=== Section Start ===

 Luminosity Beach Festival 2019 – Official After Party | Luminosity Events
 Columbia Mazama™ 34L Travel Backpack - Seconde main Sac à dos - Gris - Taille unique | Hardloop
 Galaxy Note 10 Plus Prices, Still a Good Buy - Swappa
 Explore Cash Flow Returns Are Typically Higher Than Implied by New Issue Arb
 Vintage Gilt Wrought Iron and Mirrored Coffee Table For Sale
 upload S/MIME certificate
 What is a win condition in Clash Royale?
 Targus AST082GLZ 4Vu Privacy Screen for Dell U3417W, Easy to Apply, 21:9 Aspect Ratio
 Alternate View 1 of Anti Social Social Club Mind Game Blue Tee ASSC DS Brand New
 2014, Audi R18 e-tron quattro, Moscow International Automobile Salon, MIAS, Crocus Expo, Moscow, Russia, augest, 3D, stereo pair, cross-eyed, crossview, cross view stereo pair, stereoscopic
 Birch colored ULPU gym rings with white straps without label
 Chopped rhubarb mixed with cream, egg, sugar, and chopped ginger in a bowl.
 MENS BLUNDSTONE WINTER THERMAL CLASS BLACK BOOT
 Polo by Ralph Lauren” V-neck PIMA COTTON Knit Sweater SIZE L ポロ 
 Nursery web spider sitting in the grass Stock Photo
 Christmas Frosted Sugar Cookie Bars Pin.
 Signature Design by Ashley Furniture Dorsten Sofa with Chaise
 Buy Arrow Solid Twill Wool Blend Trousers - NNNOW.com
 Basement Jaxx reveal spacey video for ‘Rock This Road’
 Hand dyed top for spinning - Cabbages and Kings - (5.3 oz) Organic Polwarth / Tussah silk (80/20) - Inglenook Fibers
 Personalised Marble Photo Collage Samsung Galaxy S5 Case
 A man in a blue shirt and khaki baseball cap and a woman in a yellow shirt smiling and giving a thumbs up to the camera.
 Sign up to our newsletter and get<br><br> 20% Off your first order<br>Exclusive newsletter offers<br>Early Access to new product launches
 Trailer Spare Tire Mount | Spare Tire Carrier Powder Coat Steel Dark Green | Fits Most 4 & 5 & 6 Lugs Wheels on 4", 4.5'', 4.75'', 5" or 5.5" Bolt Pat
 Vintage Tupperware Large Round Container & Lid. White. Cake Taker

=== Section End ===

_WHAT THE TASK ASKS_:
From the line containing "Signature Design by" through the last line of the records, output each line exactly and nothing more.

_EXERCISE RESULT_:
 Signature Design by Ashley Furniture Dorsten Sofa with Chaise
 Buy Arrow Solid Twill Wool Blend Trousers - NNNOW.com
 Basement Jaxx reveal spacey video for ‘Rock This Road’
 Hand dyed top for spinning - Cabbages and Kings - (5.3 oz) Organic Polwarth / Tussah silk (80/20) - Inglenook Fibers
 Personalised Marble Photo Collage Samsung Galaxy S5 Case
 A man in a blue shirt and khaki baseball cap and a woman in a yellow shirt smiling and giving a thumbs up to the camera.
 Sign up to our newsletter and get<br><br> 20% Off your first order<br>Exclusive newsletter offers<br>Early Access to new product launches
 Trailer Spare Tire Mount | Spare Tire Carrier Powder Coat Steel Dark Green | Fits Most 4 & 5 & 6 Lugs Wheels on 4", 4.5'', 4.75'', 5" or 5.5" Bolt Pat
 Vintage Tupperware Large Round Container & Lid. White. Cake Taker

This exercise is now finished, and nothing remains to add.